MEANWHILE, IN EUROPE…

European Cannabis News

In the last years, there has been a constant stream of cannabis news from the Americas. Whether it’s the USA or Canada, or countries like Chile, Uruguay and Mexico; there is always something going on there. In the meantime, in Europe, the legal framework concerning cannabis is taking much smaller steps. It is not only Holland and Amsterdam with the famous ‘coffee shopsand cannabis seed banks, there are more countries getting into the cannabis scene.  Here is a small round up of recent developments.

Let’s start with some fresh news first from Italy. Medical use of marijuana in Italy is legal… if it is bought from a pharmacy with a doctor’s prescription. Until recently, anyone growing cannabis for research in a medical lab was risking their freedom; or at least some really heavy fines for doing so. But now, things seem to be getting a little better. Italian lawmakers recently decided to decriminalize some minor legal offenses, like growing medical marijuana for therapeutic reasons and medical research. Justice Minister Andrea Orlando made it very clear; this is not about those who have a personal interest in the recreational use of the plant.

Some years ago Switzerland decriminalized the possession of small quantities of cannabis for personal use. Since 2013 people who get arrested possessing 10 grams of cannabis or less must just pay a fine. Recently the four biggest cities of the country (Zurich, Geneva, Basel, and Bern) announced their desire to open clubs for those who need to get cannabis. If the pilot program gets approved by the cantonal governments and the federal office of public health, then these cannabis clubs will be the points of a regulated distribution – but not for everybody like the Dutch coffee shops.
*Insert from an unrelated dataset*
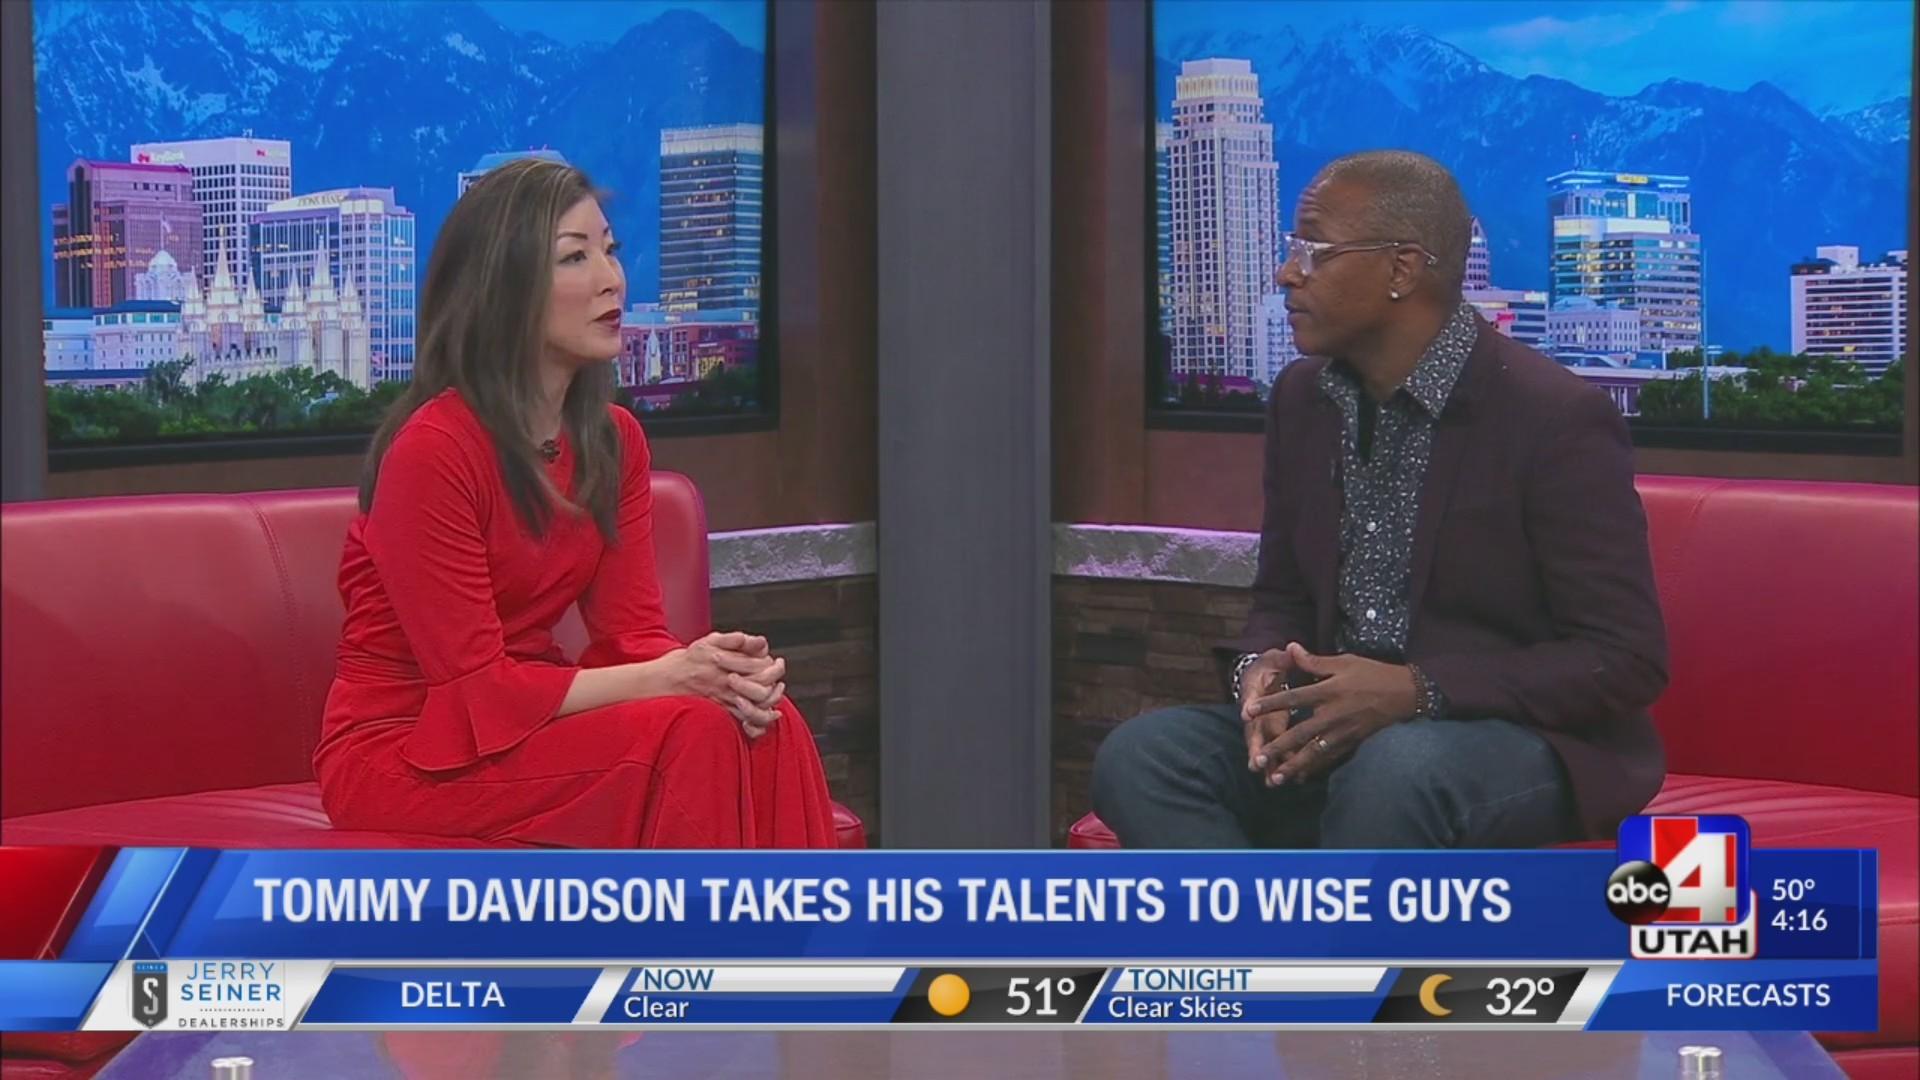 Tommy Davidson headlines Wise Guys

The cannabis clubs will be open only for users with drug related problems. Only two thousand people can be registered in each one of them. The pilot program will be monitored by Swiss scientists, in order to evaluate the long term results.
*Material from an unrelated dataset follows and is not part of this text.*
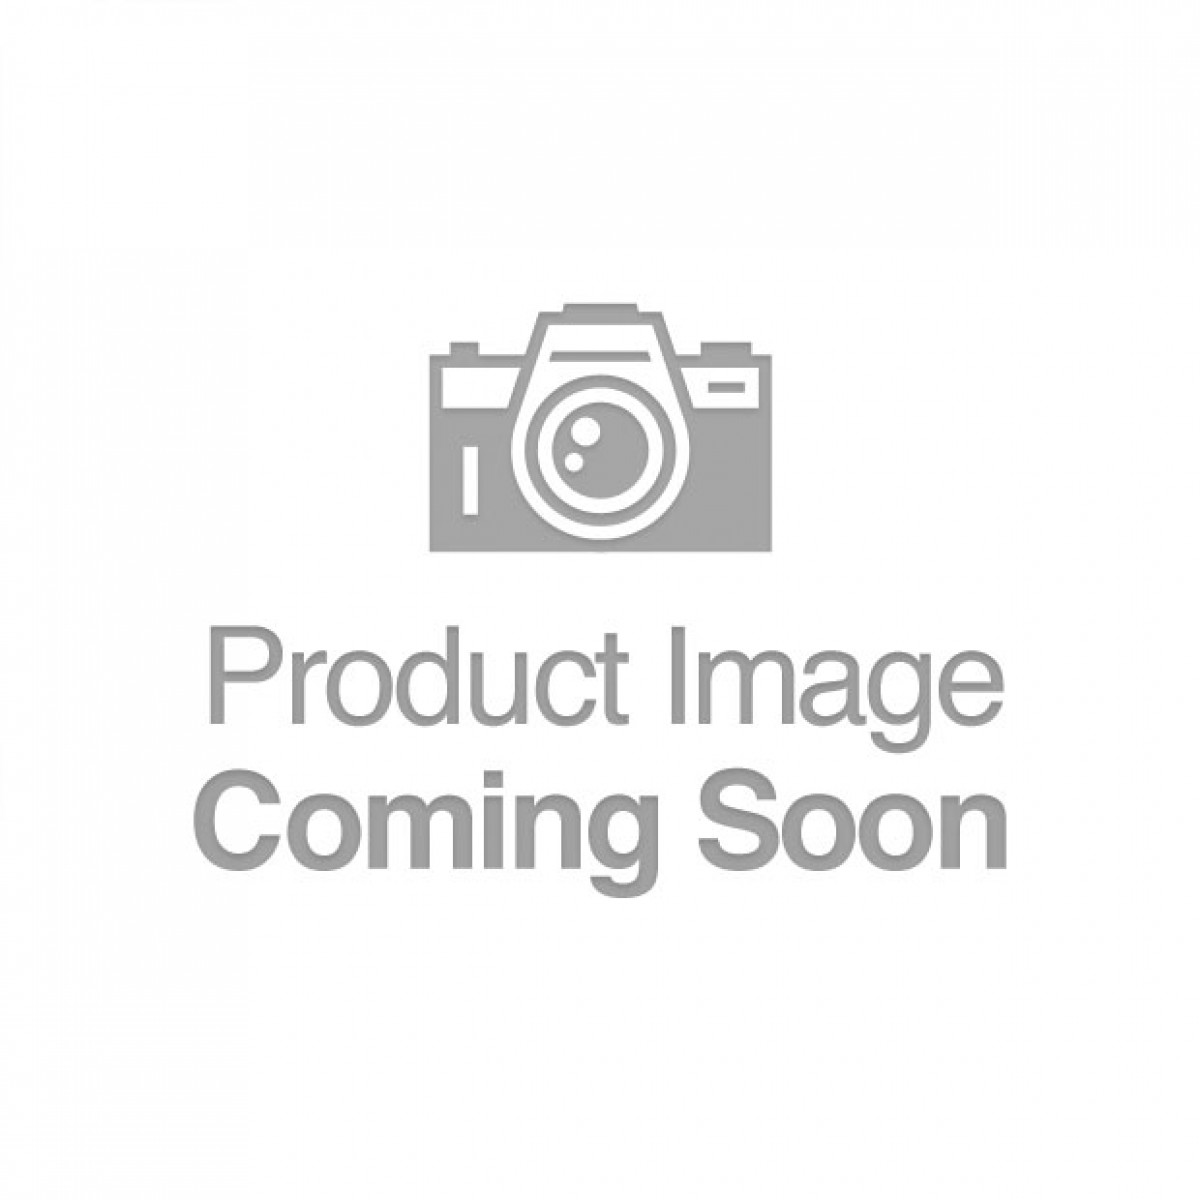 Wonder Vibes 7x Bendable Silicone Clit Stim Vibe  - Black

In the United Kingdom, debate for a legal reform was initiated by people who managed to collect 220,000 signatures for cannabis legalization.
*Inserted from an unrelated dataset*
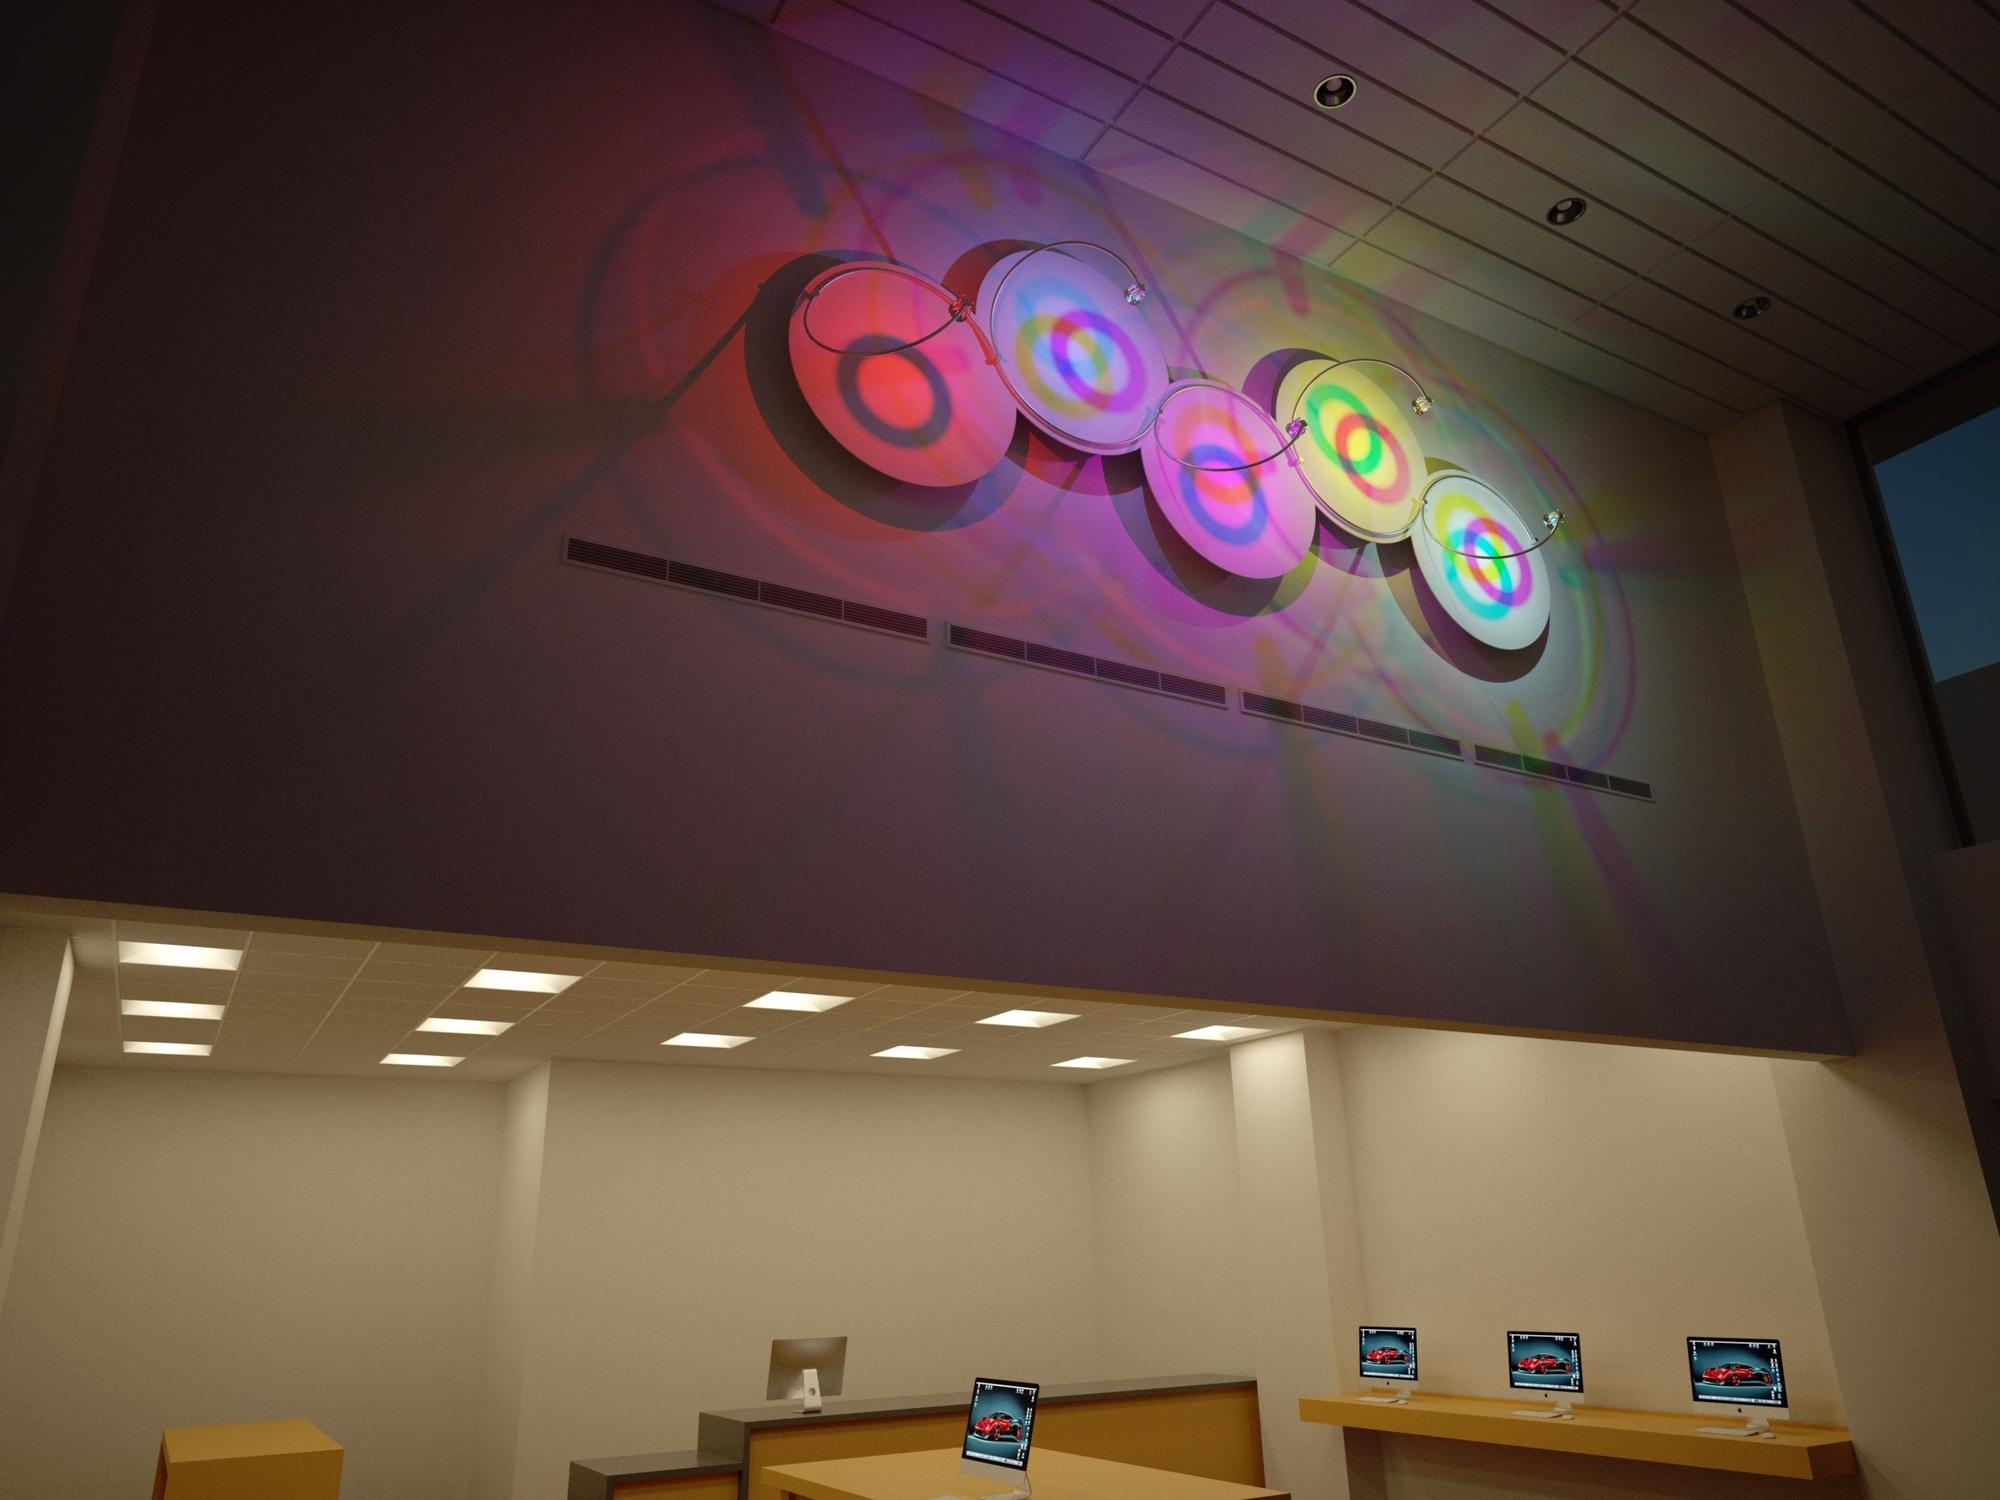 Ceiling Led Lighting Systems : Led lighting system autodesk gallery

The federal government of Germany announced a plan which includes the creation of a cannabis agency in the country. Mainly for financial reasons, German lawmakers decided to make a move in order to cut the expenses spent by seriously ill patients who have had to import their medical cannabis from the Netherlands for many years. Until now, the government was providing “exemption licenses” to these people. If the proposed plan gets the green light of the nationwide parliament, it will be a very important step for the cultivation of medicinal cannabis in Germany.

The Czech Republic is getting Europe’s attention often when is about cannabis. Since 2010 Czech citizens are allowed to grow up to five plants. Recently the Czech government announced plans (with the help of funding from Canadian and US donations) to create “The International Center for Cannabis and Cannabinoids Institute” research center.  They want to focus on the study of the medical properties of cannabis and to collect experiences from patients.

European countries are moving silently towards liberal reforms, and there is no doubt that in the near future, we will see additional countries announcing more tolerant policies.